Working with Class

My first experience in dealing with Class was a steep learning curve, and one that took the communication and collaboration aspect of my job to another level.

On this particular project, the structural design and drawings for the aluminium cat were supplied by a world-class naval architecture firm, but it was up to me to submit them to Class and deal with the day to day feedback and comments surrounding the drawings. The bulk of the drawings were accepted as is, but there were a number of details that resulted in open comments. Once I had downloaded the comments I would spend hours researching the applicable Rules, gaining an understanding of what needed to be done to satisfy the comments. Thereafter I would either forward them to the Naval Architect, or put together a drawing myself with the missing information required. These drawings were either related to structural drawings, electrical design, systems design or so on. I quickly learned that every shell plate penetration would be scrutinized, particularly bilge outlets, exhaust outlets and all other overboard discharges. Handrails were another area that were heavily scrutinized. But of course the single biggest aspect was…brackets!

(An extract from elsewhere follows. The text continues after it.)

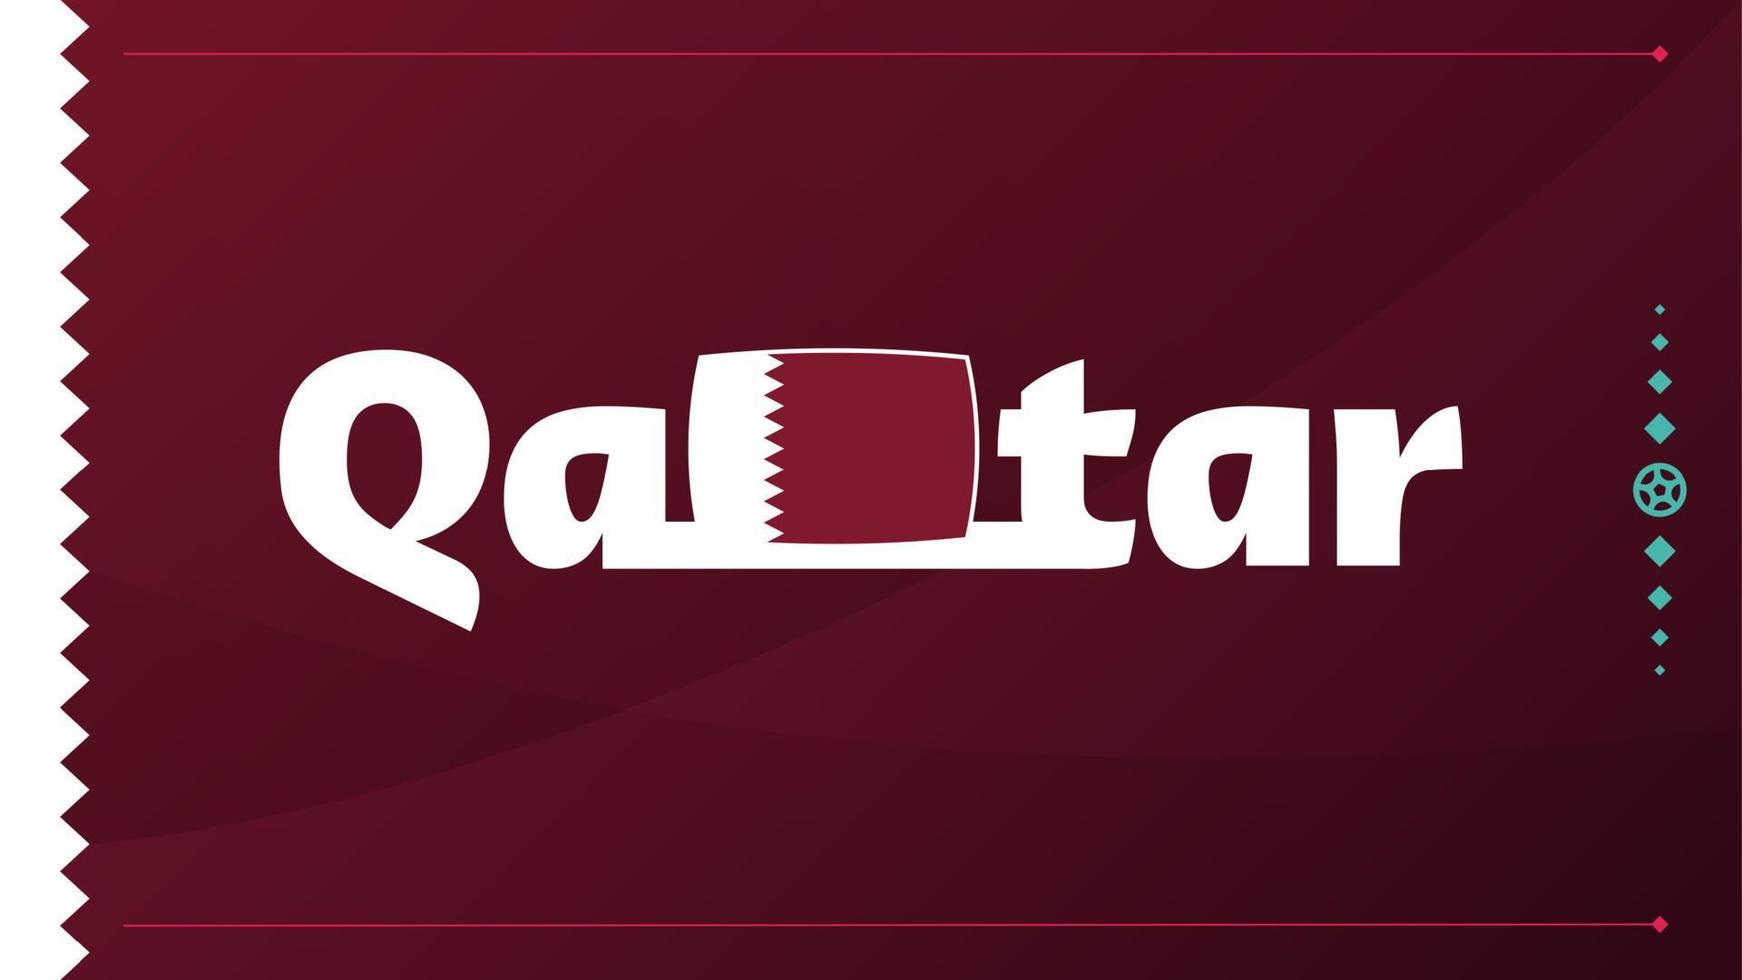 Qatars flagga och text på bakgrund av fotbollsturnering 2022. vektor illustration fotboll mönster för banner, kort, webbplats. vinröd färg nationalflagga qatar

I can completely understand the position of Class, especially relating to any aspect of the vessel that could affect its safety and seaworthiness. And their need for absolute confidence in the integrity of the vessel before they could endorse it.

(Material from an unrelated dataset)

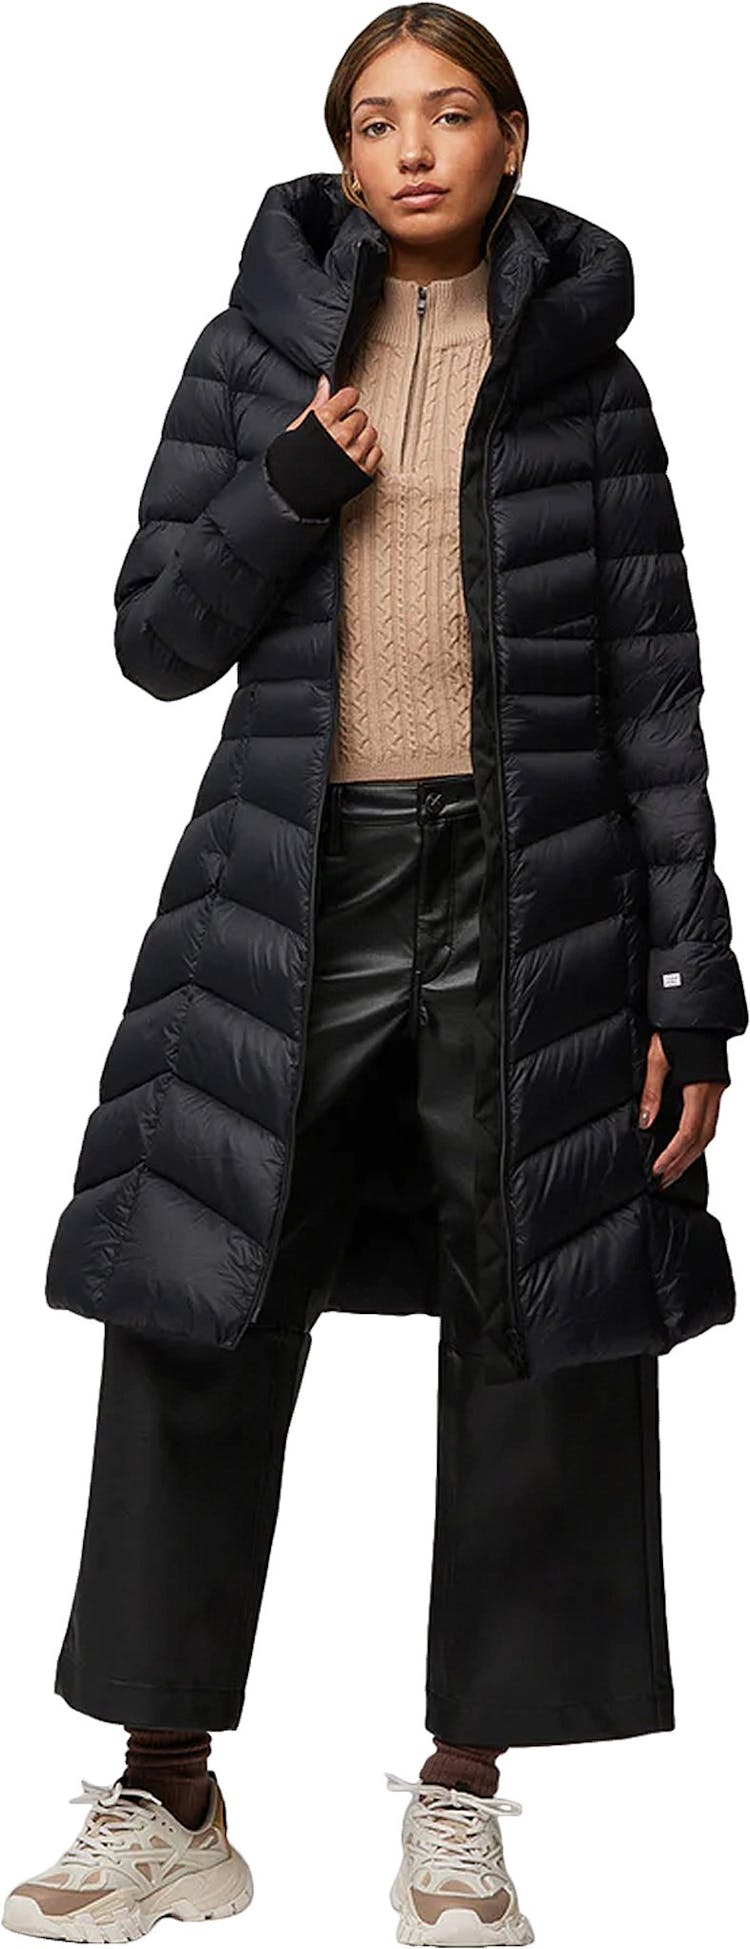 Numéro de l'image de la galerie de produits 2 pour le produit Manteau ajusté et évasé en duvet léger durable avec capuchon Lita-TD - Femme

None the less, it was not an easy job, especially relating to having to have some form of redundancy for pretty much every system on the vessel. And as this vessel was under 24m, very often each chapter of the rules would contain some dispensations which could be used as an alternative. I could see the need for these dispensations, as on a vessel this size it would be physically impossible to install the same amount of equipment as on a tanker, for example.

During this project I formed good relationships with the Senior Engineer and the Surveyor. If there was a particular design issue the Senior Engineer would call me on my mobile and discuss it with me, making my job all the more pleasant.

Looking back, my skills in two areas were increased by my experiences with this project. The first was in my understanding and interpretation of the Rules, and the forms that my drawings and documentation would have to take in my submissions. The second was in communication: with Class, the Naval Architect, the electrical designer, the factory floor and the equipment suppliers (and no doubt a few more). Forming good relationships with all these entities benefited me greatly, as they were all able to help me a great deal.

By the time the last open comment was closed out, I felt that I was in a much better position than when I started. And if I were to repeat this process I have no doubt that the entire project would be that much smoother.